------ Data supplied ------

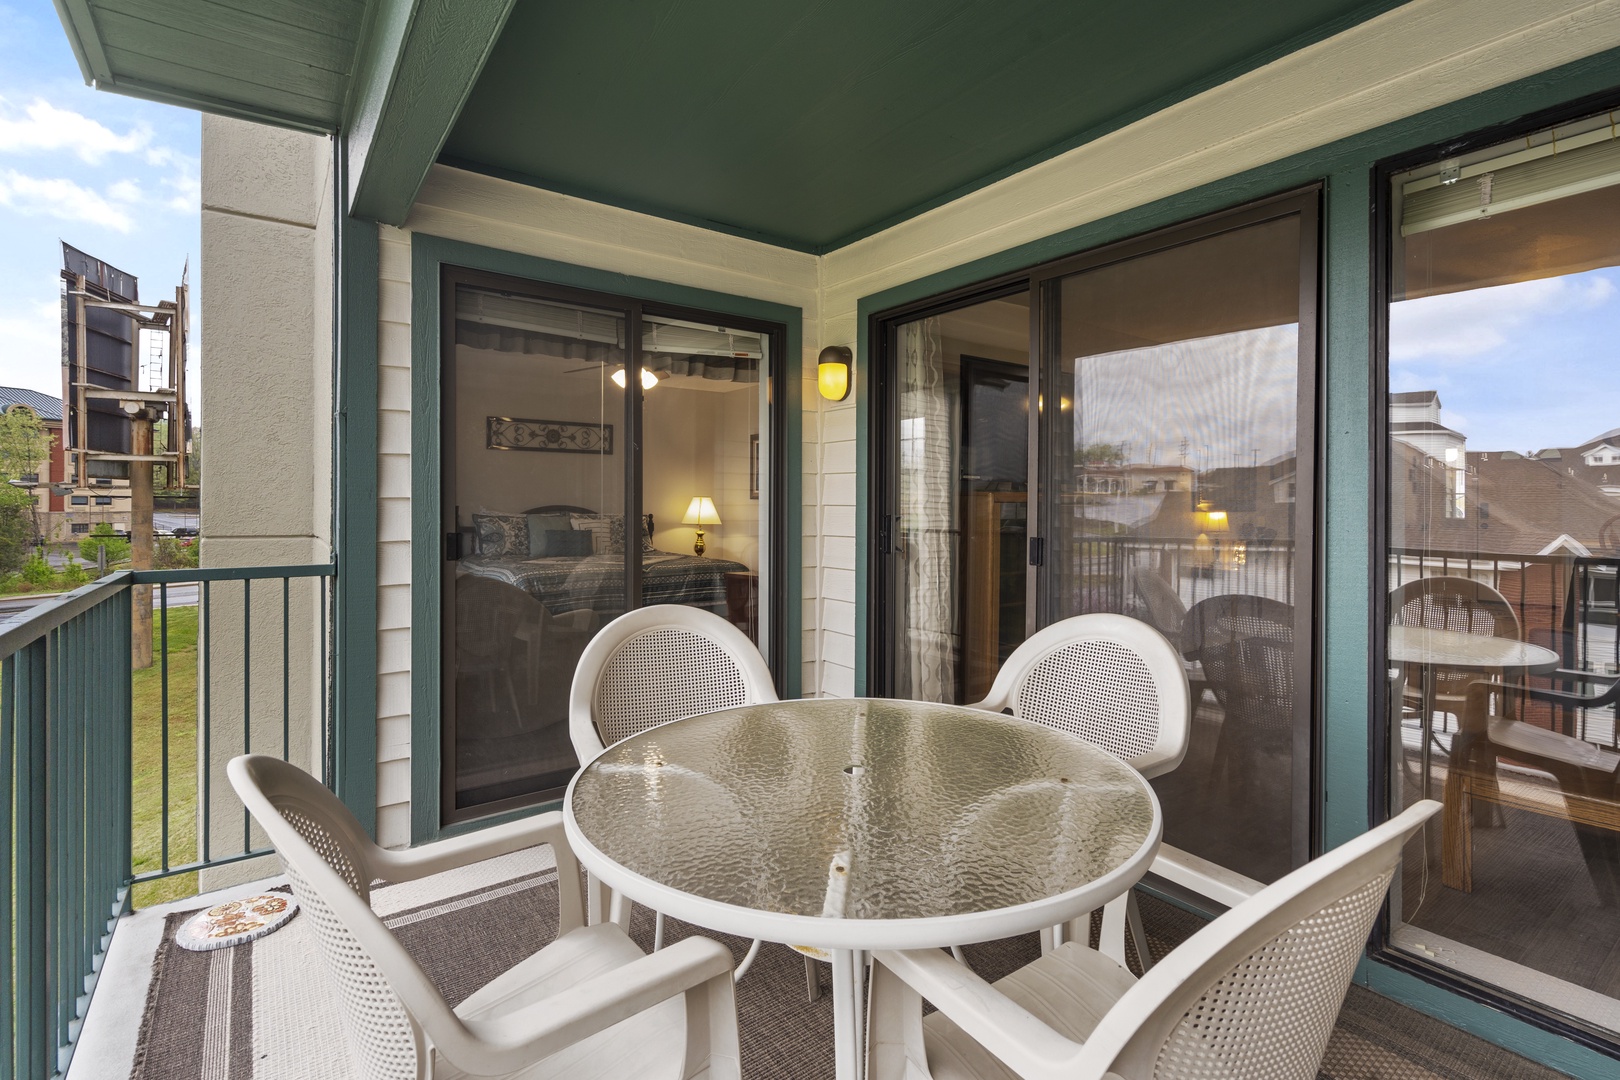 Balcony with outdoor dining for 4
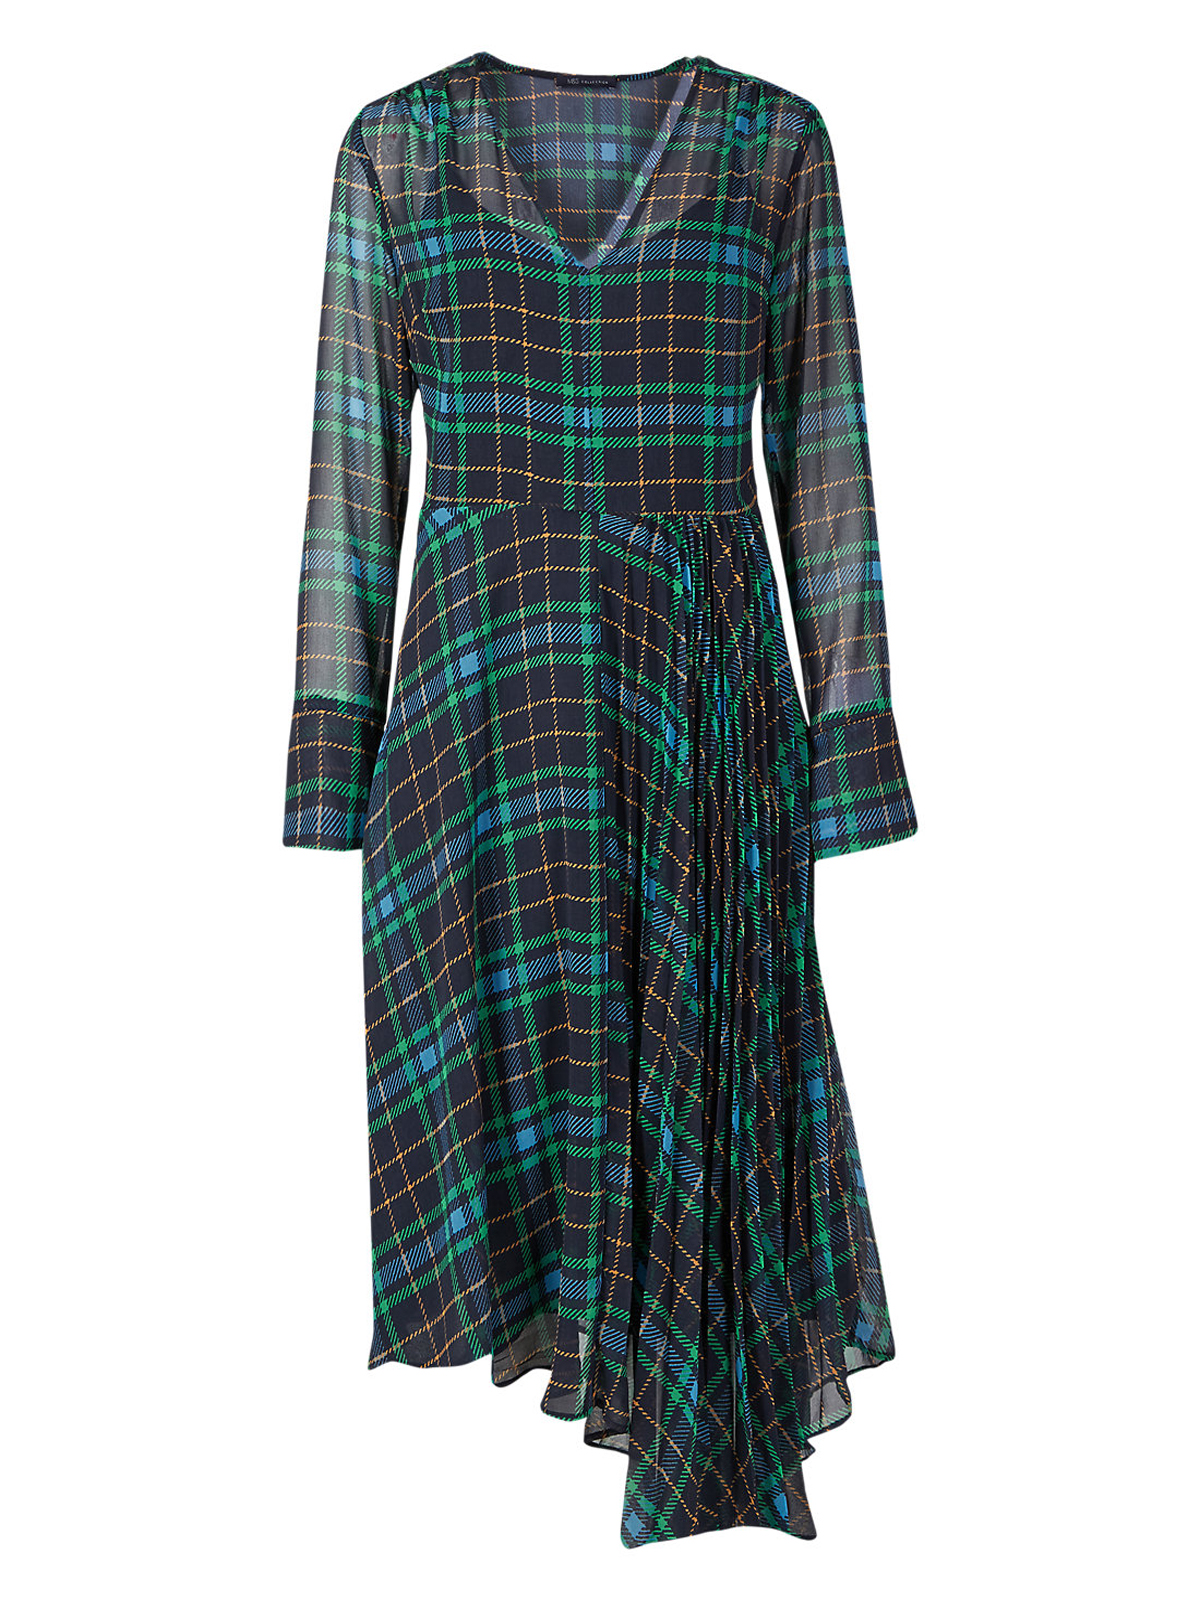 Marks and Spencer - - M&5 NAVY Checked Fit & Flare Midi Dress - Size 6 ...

------
------ Data supplied ------

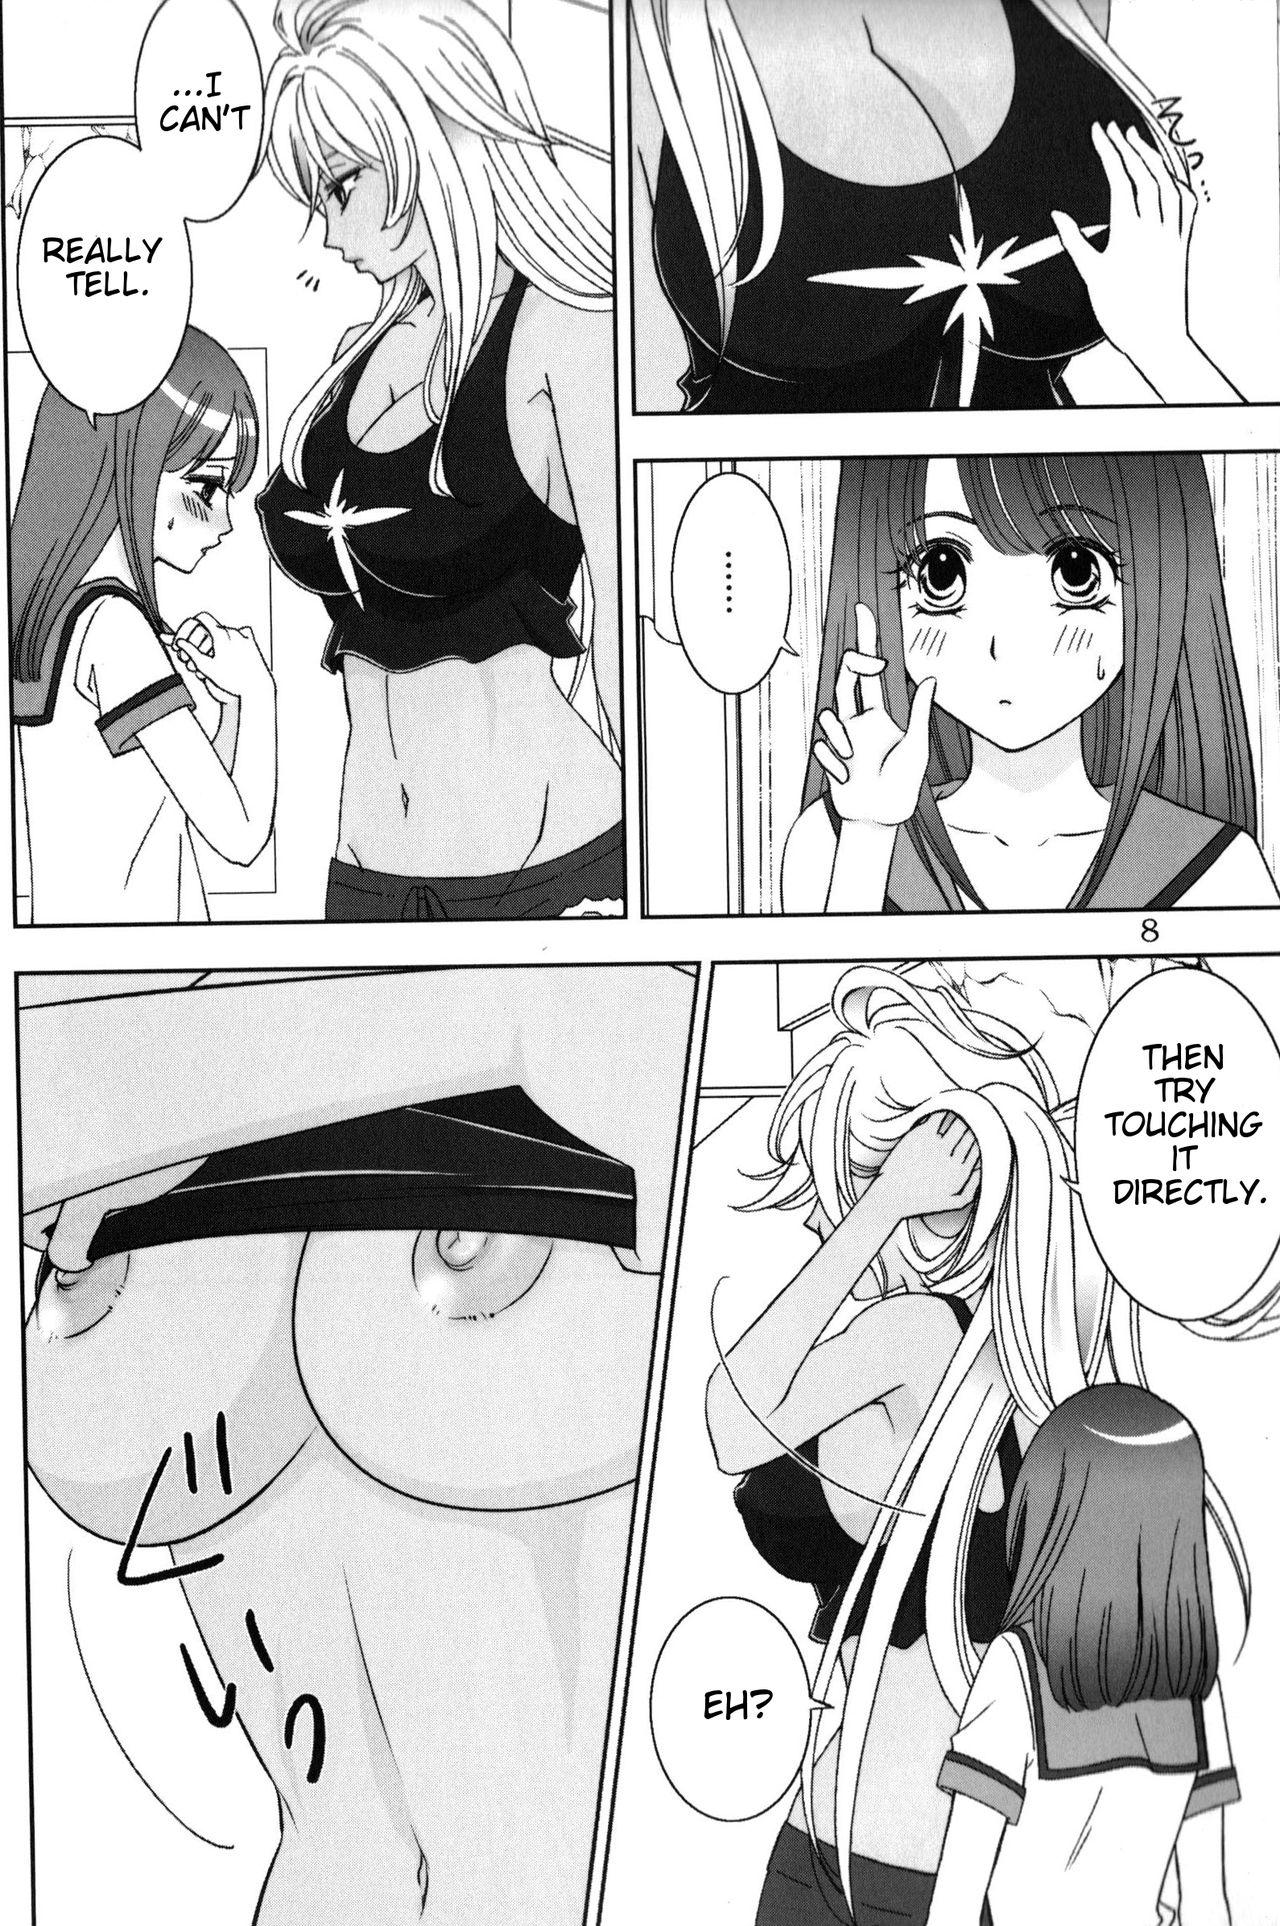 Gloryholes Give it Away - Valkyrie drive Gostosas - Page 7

------

### What you have to do
The lines to reproduce run from the one above containing "Balcony with outdoor dining for 4" through the one containing "Marks and Spencer". Copy them exactly and leave out all pictures.

### Response
 Balcony with outdoor dining for 4
 Marks and Spencer - - M&5 NAVY Checked Fit & Flare Midi Dress - Size 6 ...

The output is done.